In analog broadcasting the acoustic audio input signal (pitch and volume) is modulated onto an invariant electromagnetic “carrier” wave for signal transmission and is decoded by the radio to bring voice and music to our ears. In plants, however, no invariant kinetic components have yet been found in Ca²⁺ signatures, which are modulated to encode information such as stimulus type or stimulus intensity. Hence, the broadcasting metaphor and the signature hypothesis both lack an invariant kinetic carrier component.
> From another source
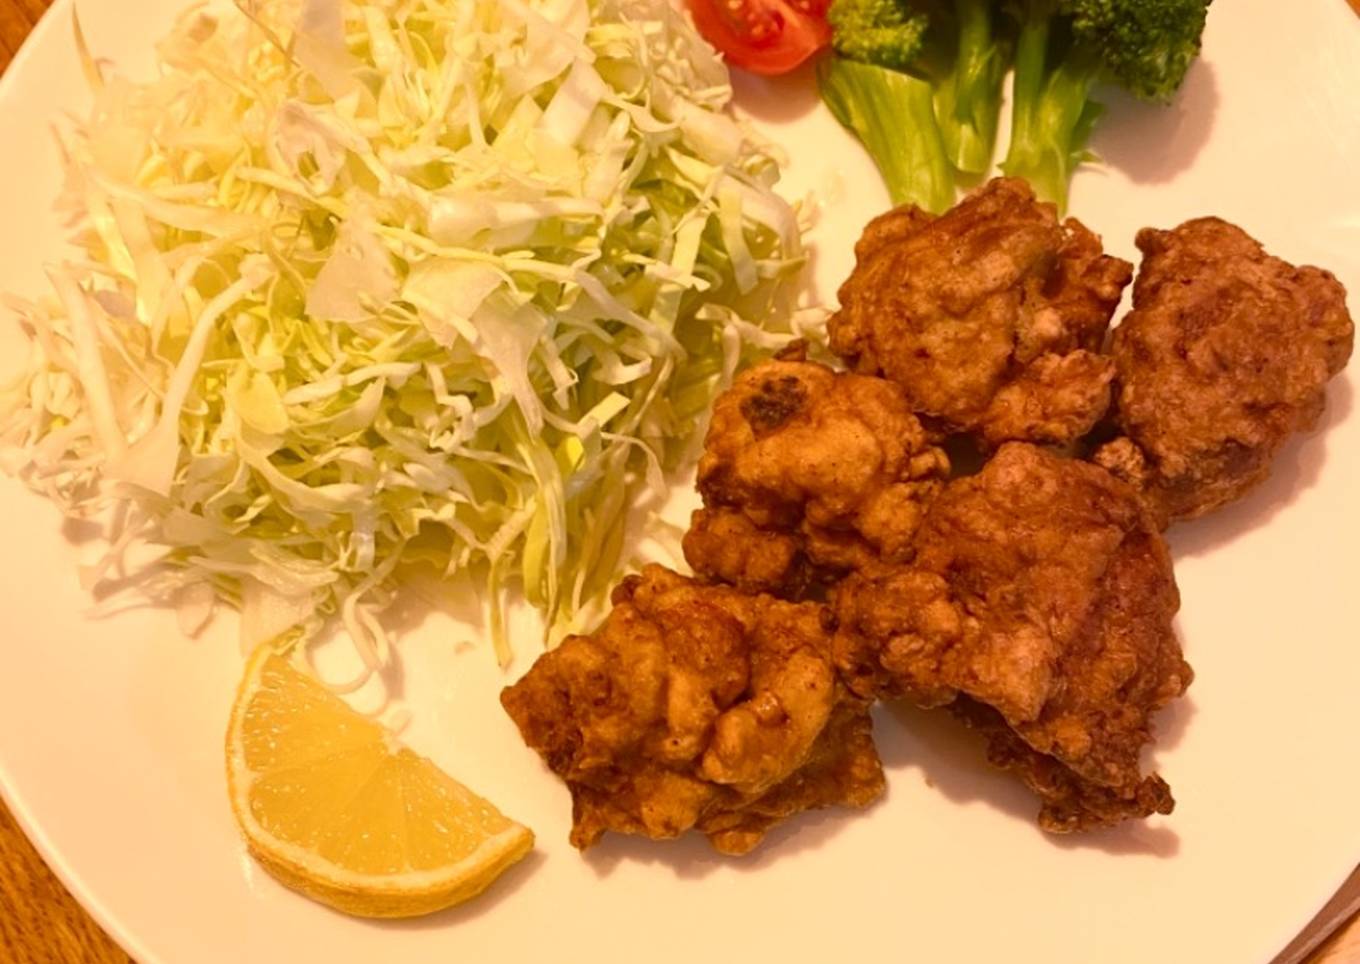 My Japanese Fried Chicken “Kara-age”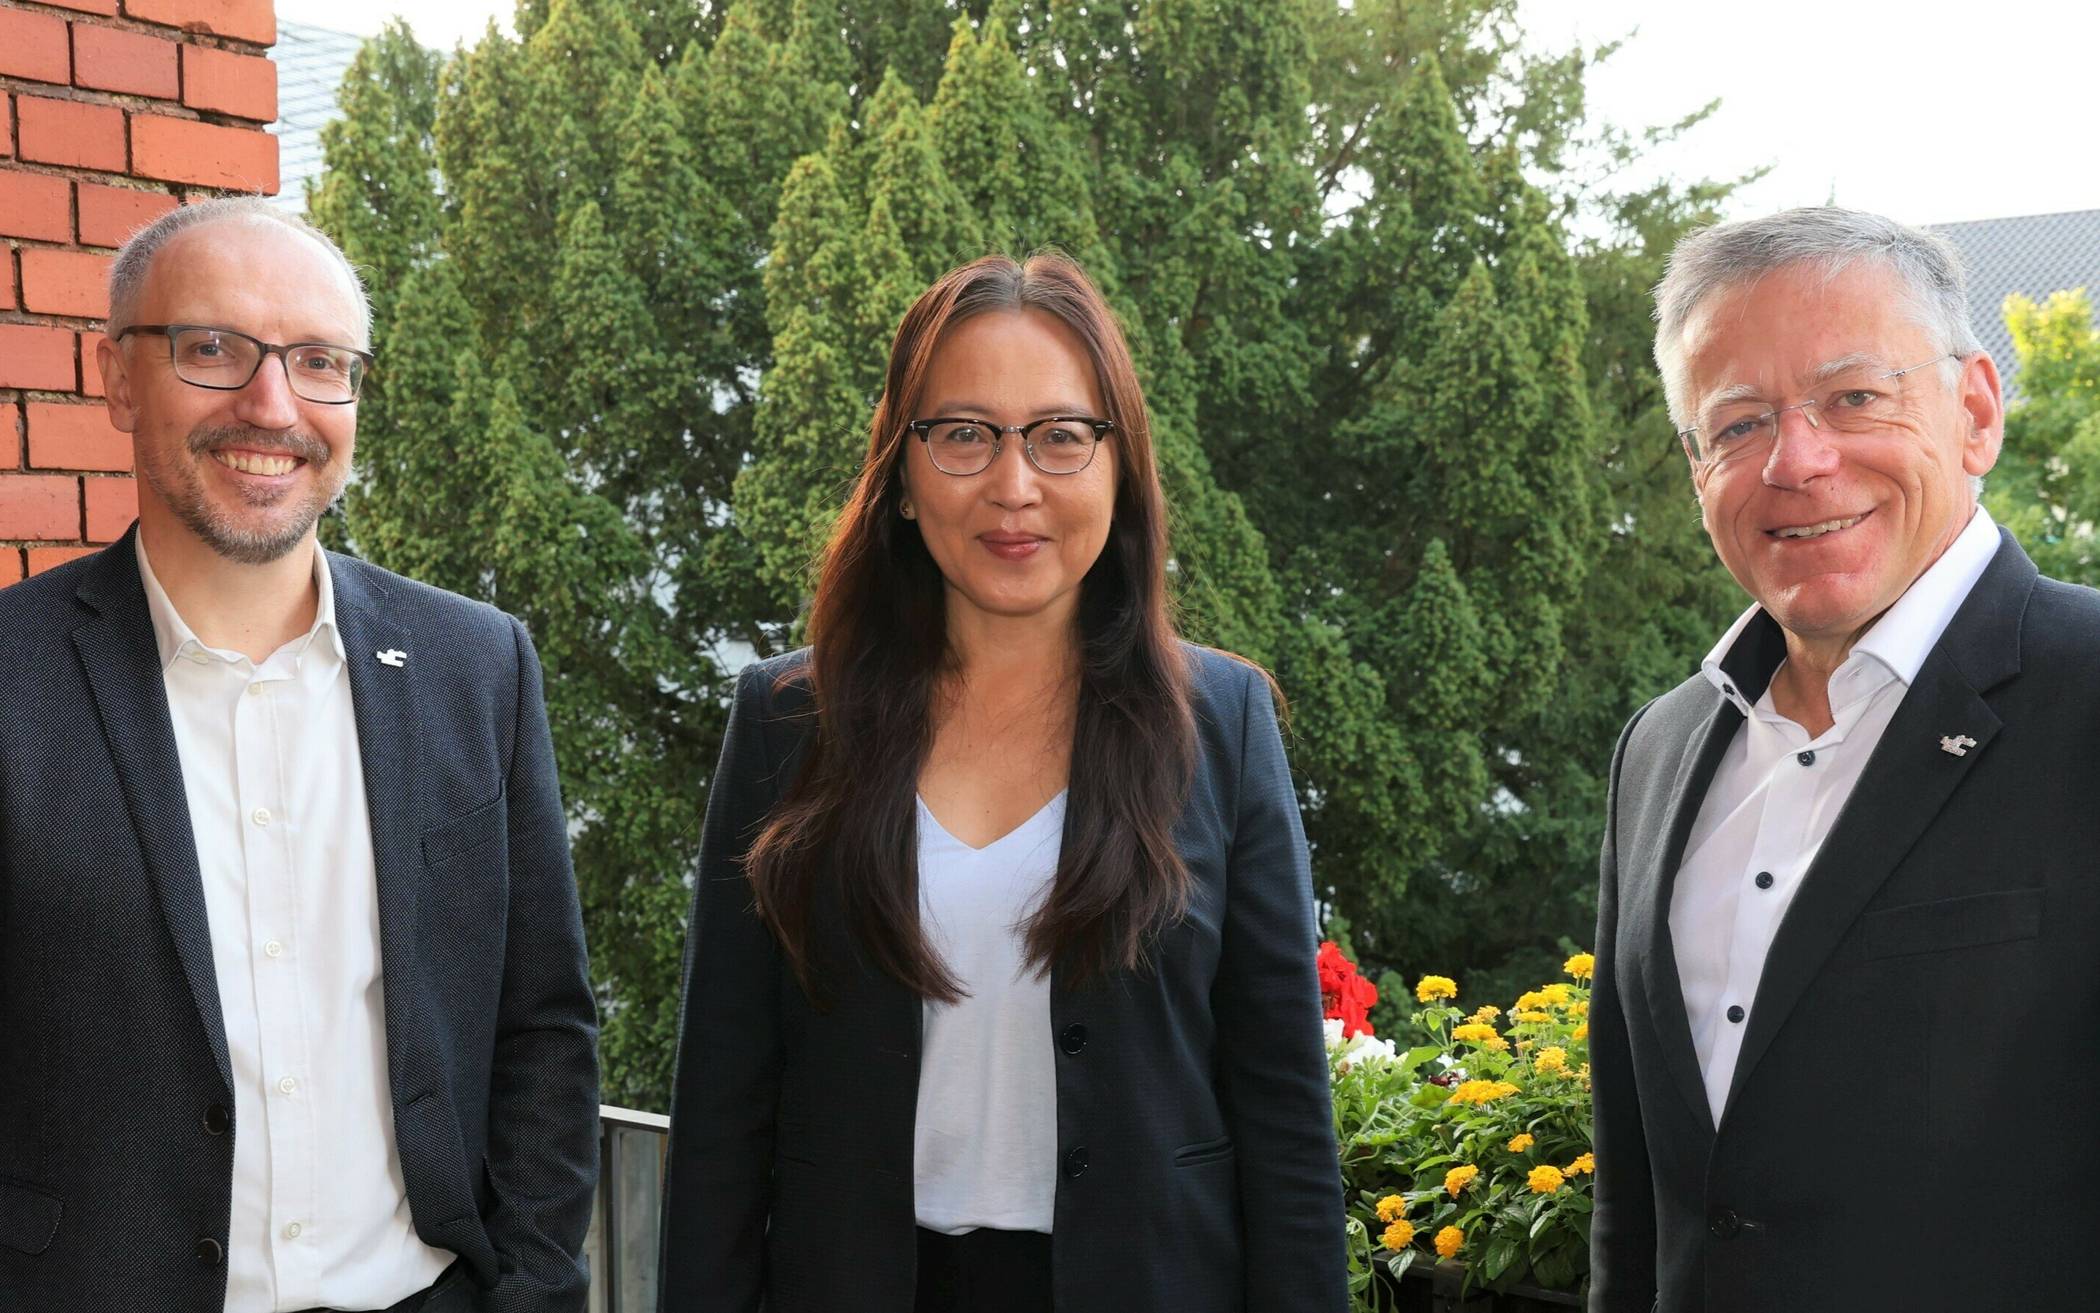  Neue Koordinatorin des flächendeckenden Ausbaus von Mobilfunknetzen im Rhein-Kreis  (von links): Marcus Temburg, Dr. Anna Beck und Landrat Hans-Jürgen Petrauschke.

Often different stimuli come in parallel (e.g. heat and drought, drought and salt) and may trigger multiple calcium signatures in parallel. This leads to heterodyning of [Ca²⁺]_i kinetics and requires signal filtering by calcium-dependent molecular antennas to select specific information and to orchestrate an appropriate response. Many such molecular antennas have been found, and others are the focus of current research (Edel and Kudla, 2015). Nevertheless, their individual filter functions in terms of responsiveness to specific calcium kinetics remain elusive.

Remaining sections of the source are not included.